Адриан молча наблюдал за ней. Его взгляд становился тяжелым.
— Я и есть хозяин этого дома, — сказал он, — и прошу вас помнить об этом, миледи.
— У меня право…
— А у меня приказ короля.
— Ах да! Король дал вам земли, богатство, титул, а вы до сих пор не женились. Вы неизвестно где болтались, но, когда Эдуард потребовал, чтобы вы женились, вы тут как тут. А может, я не хочу выходить за вас замуж. Я могу отказаться давать клятву.
— Вы этого не сделаете.
— Это еще почему?
— Вы выйдете за меня замуж, миледи, потому что наше обручение освящено церковью и оно длилось долгие годы. За эти годы вы ничего не предприняли, чтобы расторгнуть его.
— Но…
— И вы обвенчаетесь со мной, даже если мне придется тащить вас к алтарю силой.
— Вы не посмеете, — с презрительной усмешкой ответила Даниэлла.
— Можете не сомневаться, — заверил ее Адриан.

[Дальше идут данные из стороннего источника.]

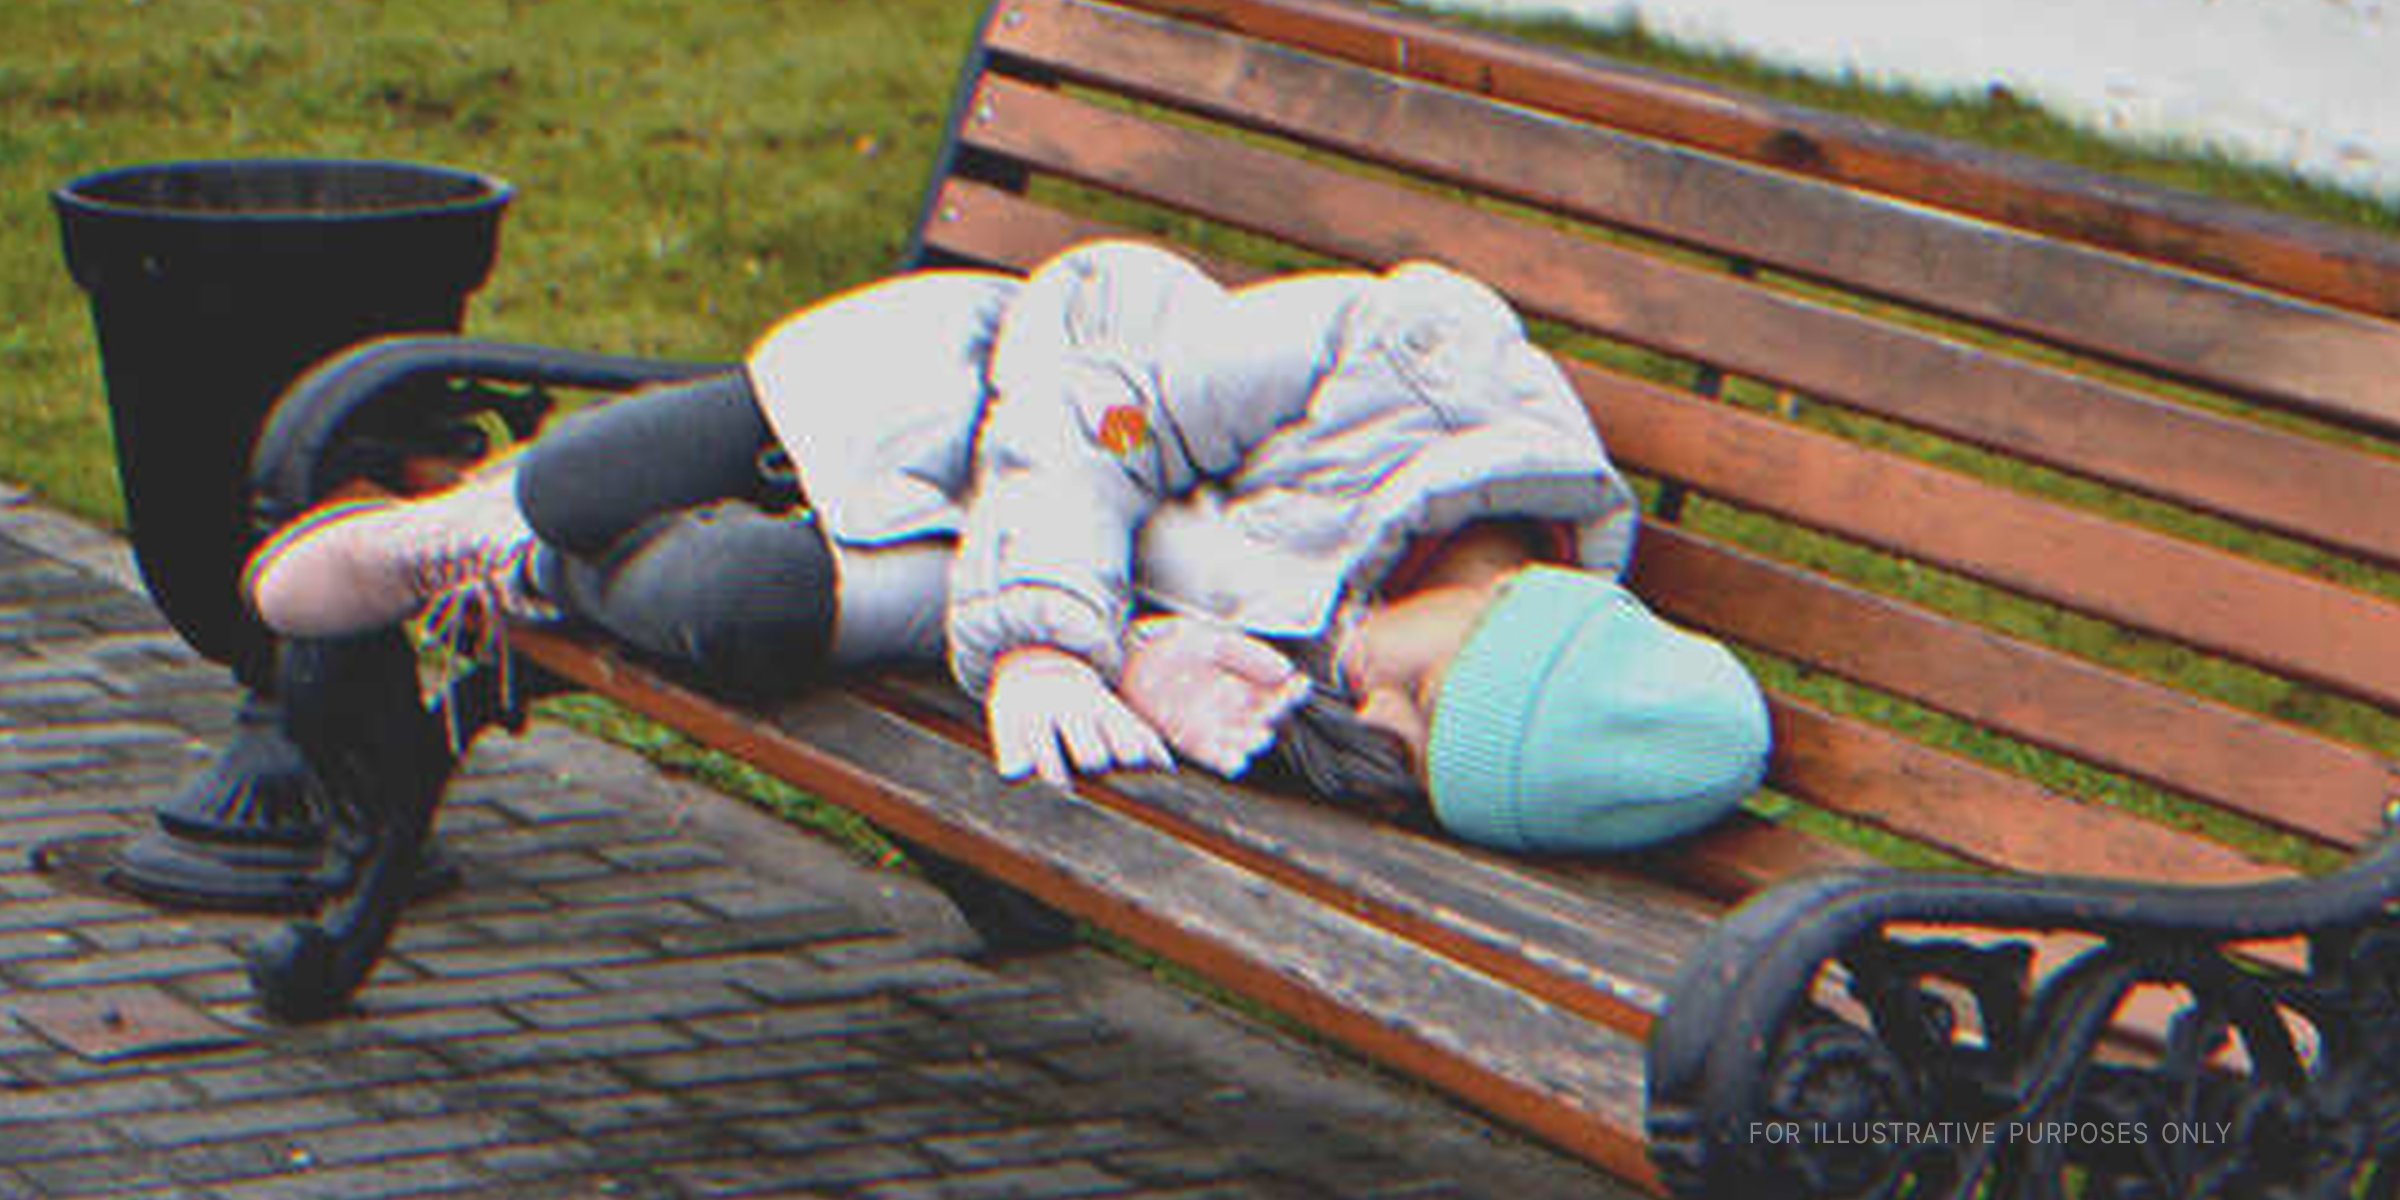 Child sleeping on a park bench | Shutterstock.com

— Потому что вам приказал король?
— Потому что я так хочу, миледи.
— Еще бы вам не хотеть! Только так вы можете остаться графом.
На его лице появилась кривая ухмылка, которую Даниэлла так ненавидела.
— Даниэлла, я вижу вы многого не можете простить мне! Ну что же, миледи, я тоже помню кое-что. Ваши шалости — это одно, но если вы вздумаете предпринять что-нибудь более серьезное, леди, я тоже объявлю вам войну. Можете не сомневаться.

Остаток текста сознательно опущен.